Monash expert: Thailand first South-East Asian country to legalise same sex marriage

Monash University 2 mins read

Thailand's Senate has approved a bill legalising same sex marriage in the South-East Asian country. A Monash expert is available to talk about what this means for LGBTIQA+ rights in the country.

 

Professor Paula Gerber, Monash Faculty of Law

Contact: +61 3 9903 4840 or media@monash.edu

Read more of Professor Gerber’s commentary at Monash Lens 

The following can be attributed to Professor Gerber: 

 

“Thailand has become the first country in South-East Asia to allow same sex couples to marry, and only the second in Asia (after Taiwan).
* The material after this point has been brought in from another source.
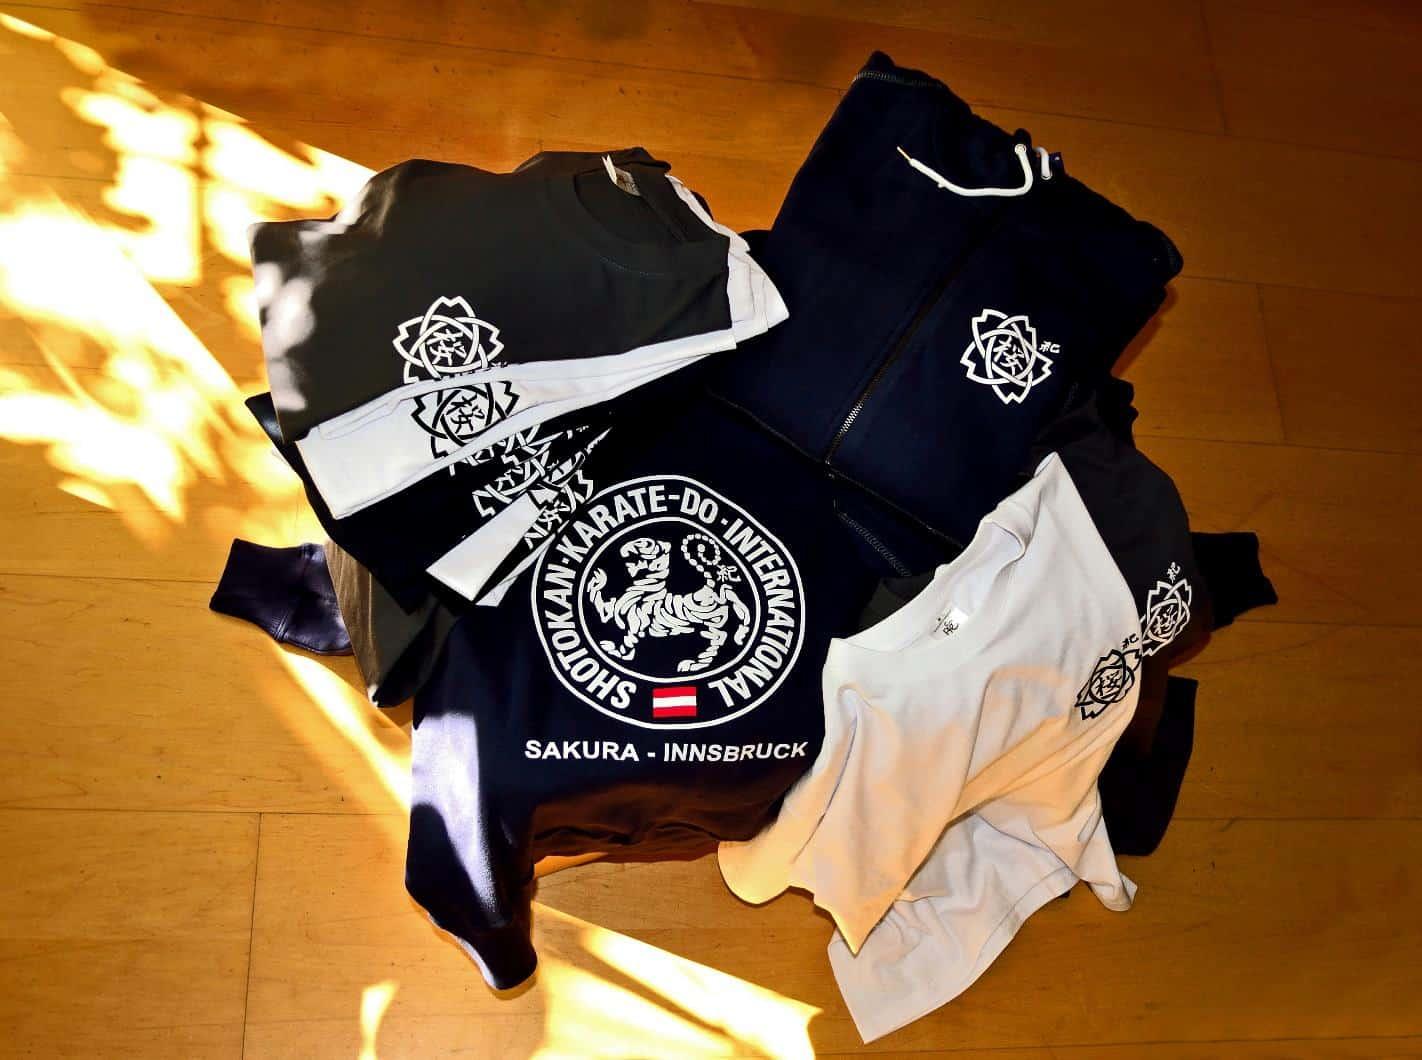 Vereinsjacken und T-Shirts

This change in law was possible after last year's election which saw the decade-long military government replaced by a more progressive, democratic coalition government. The new Prime Minister, Srettha Thavisin, has been an advocate for the rights of LGBTIQA+ people and the legalisation of marriage equality has been welcomed by the LGBTIQA+ community.

 

“Being allowed to marry will make life much easier for same sex couples in Thailand. Not only will they now be able to have their relationships publicly celebrated and legally recognised, they will also be able to access services previously denied to them. For example, producing a marriage certificate is a prerequisite to accessing fertility services such as IVF.

 

“However, there is still more that needs to be done to protect the human rights of LGBTIQA+ people in Thailand, including making it easier for trans people to amend their gender on official documents and enacting laws that prohibit discrimination on the basis of sexual orientation, gender identity and sex characteristics.

 

“It is always hard to be the 'first'. Thailand is to be congratulated for being the first South-East Asian nation to enact this reform. They have made it easier for other countries in the region to now follow suit. Vietnam and the Philippines have both been considering this issue, and Thailand's leadership may embolden them to similarly recognise same sex marriages.

 

“While Thailand's reforms are welcome, it is important to remember that it is not all rainbows and lollipops for LGBTIQA+ people in South-East Asia. Malaysia, Myanmar and Brunei all still criminalise consensual same sex sexual conduct, and in late 2022, Indonesia enacted a new Criminal Code that makes all consensual sex outside of marriage a criminal offence. There is still much work to be done before the human rights of LGBTIQA+ people are respected and protected and they can live their lives in dignity and equality.”